Problem statement. Reproduce the listing below from the line with "stylish Volvo xc40" to the line with "Game clipart. Games jokingart com", both lines included, character for character, minus any pictures.

Listed records.
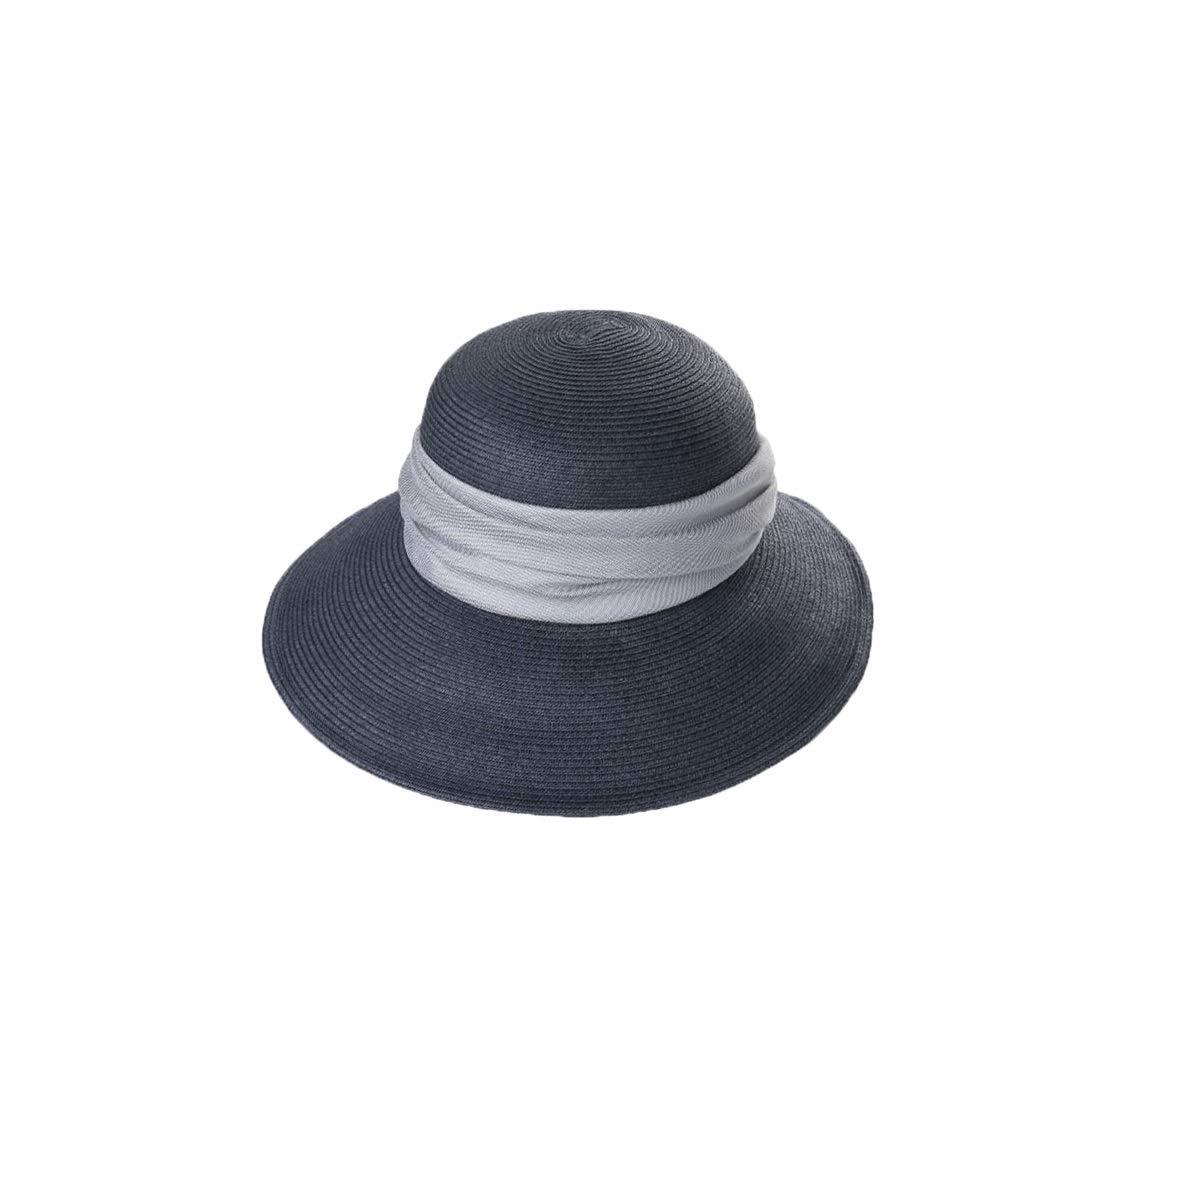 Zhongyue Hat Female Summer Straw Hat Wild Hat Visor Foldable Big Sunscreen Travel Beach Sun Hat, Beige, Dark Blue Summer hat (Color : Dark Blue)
==
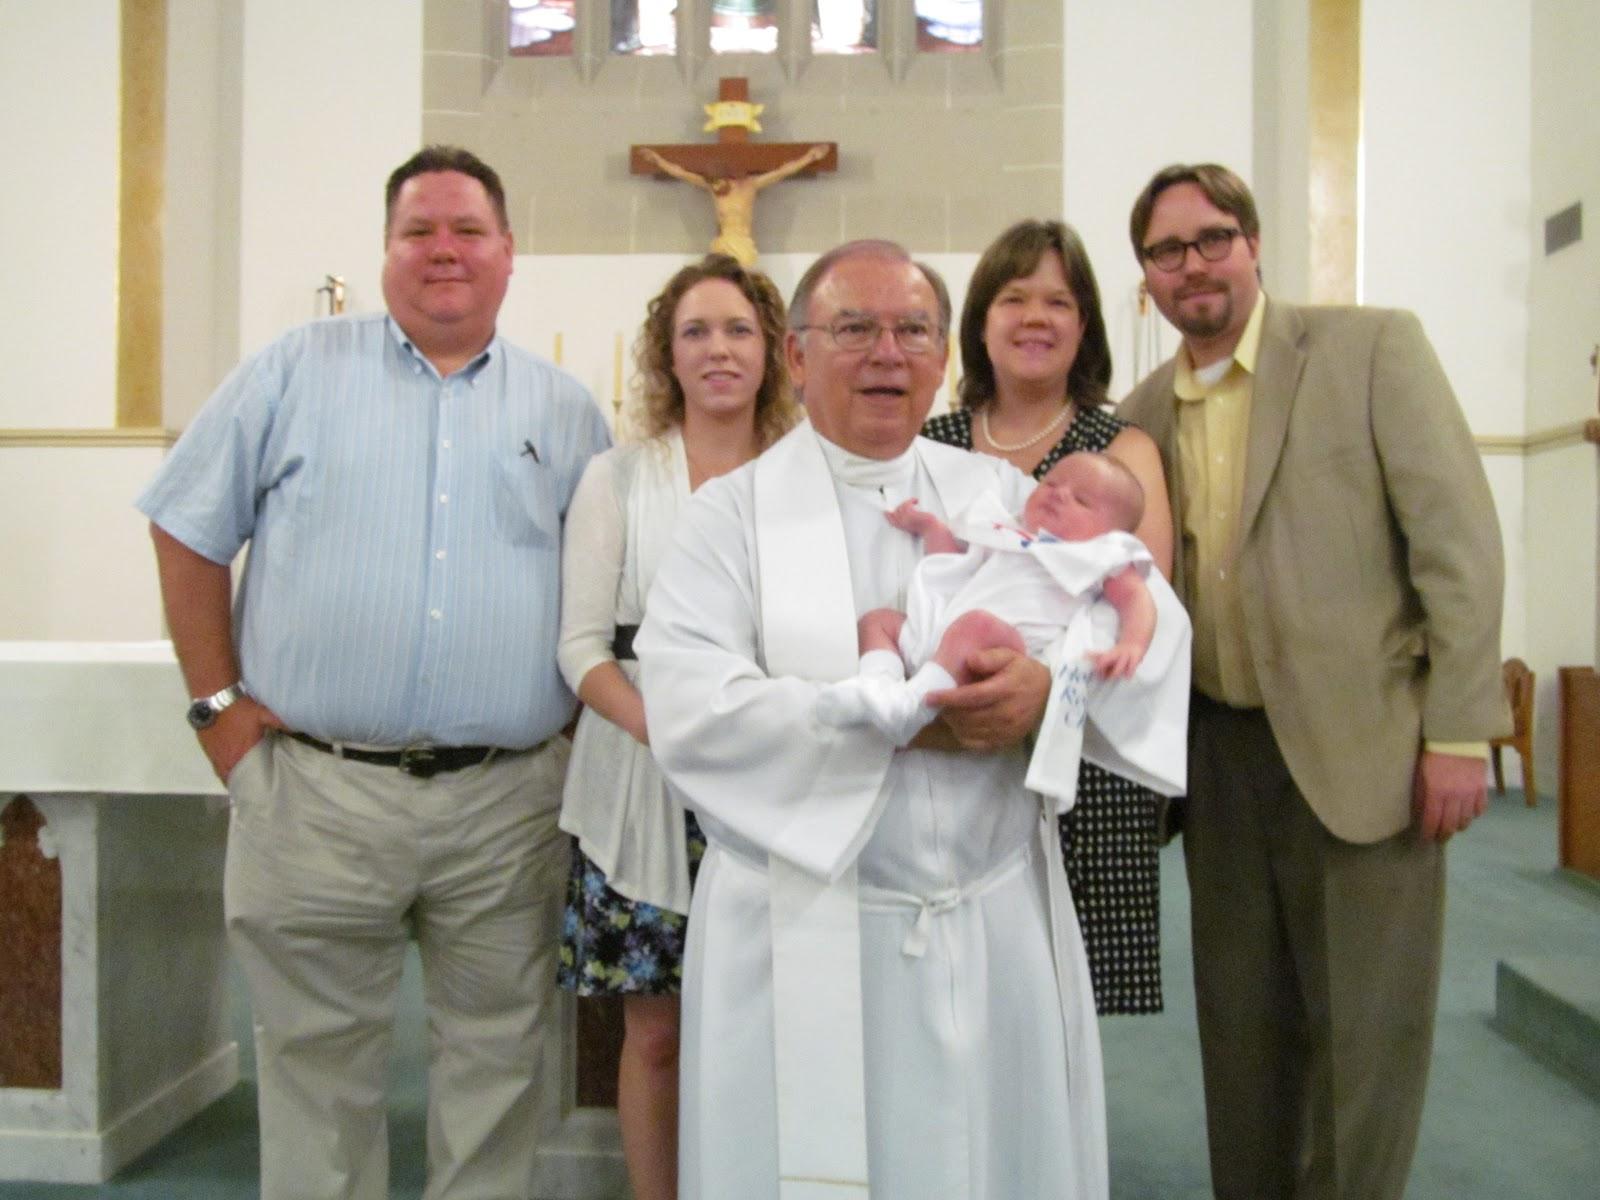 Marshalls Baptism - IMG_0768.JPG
==
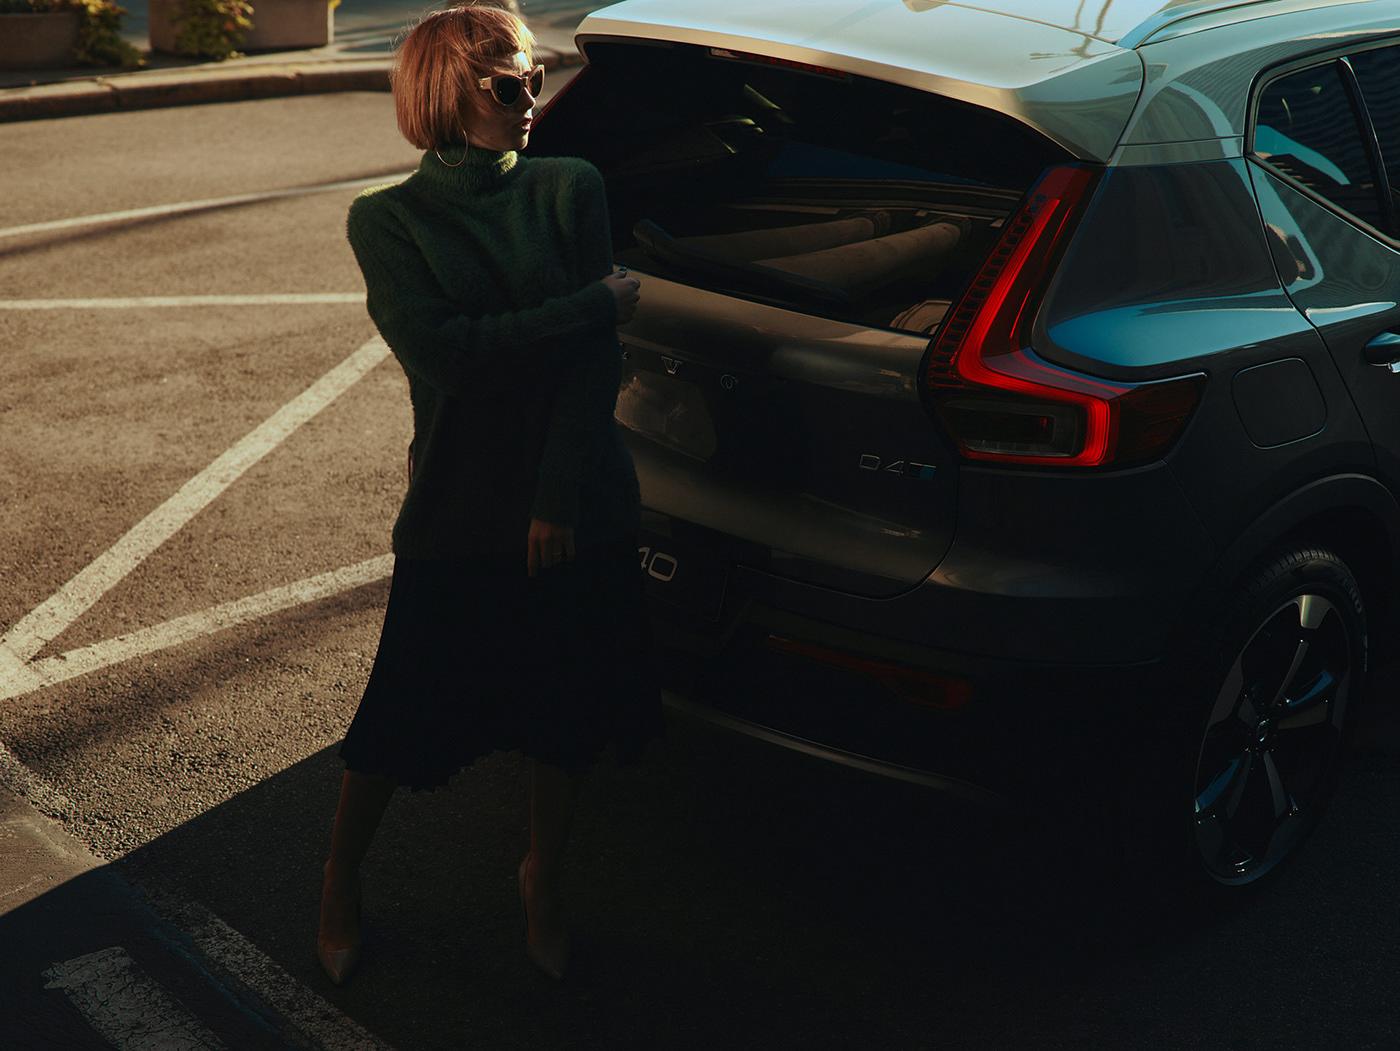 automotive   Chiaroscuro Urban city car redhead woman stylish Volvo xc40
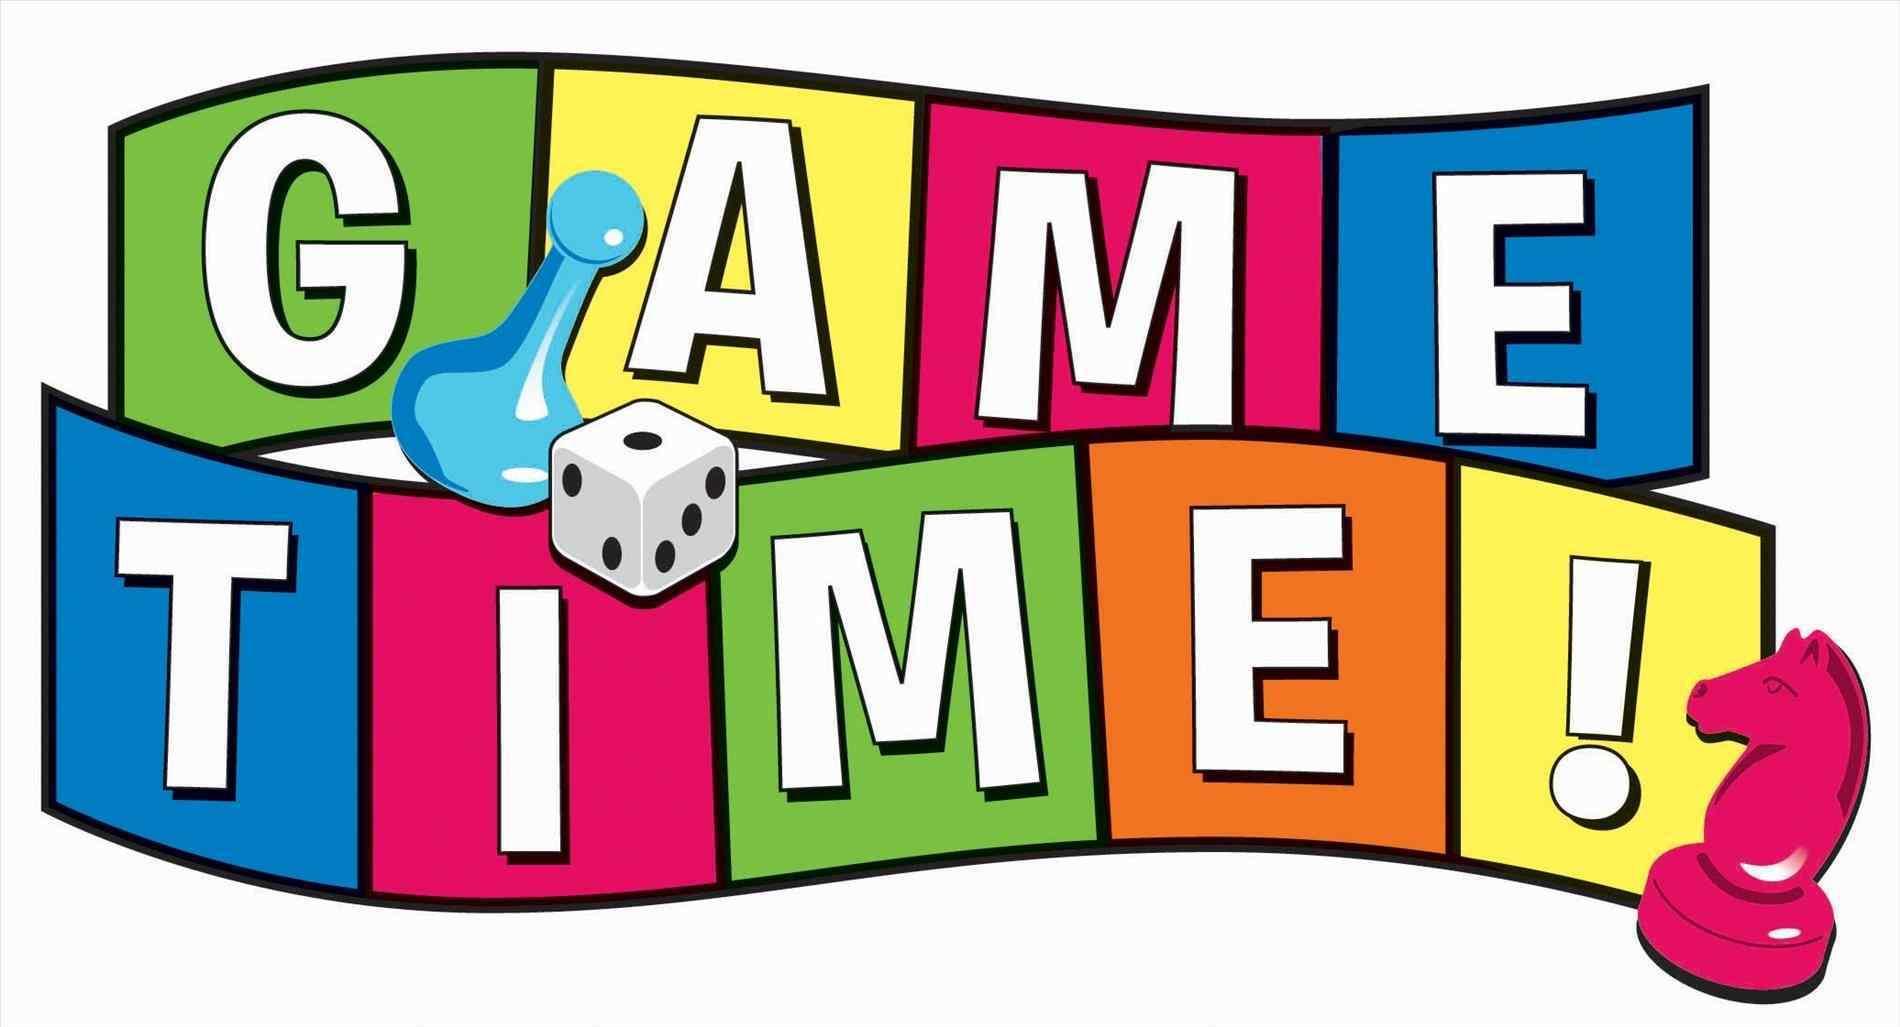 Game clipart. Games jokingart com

Exercise solution.
 automotive   Chiaroscuro Urban city car redhead woman stylish Volvo xc40
 Game clipart. Games jokingart com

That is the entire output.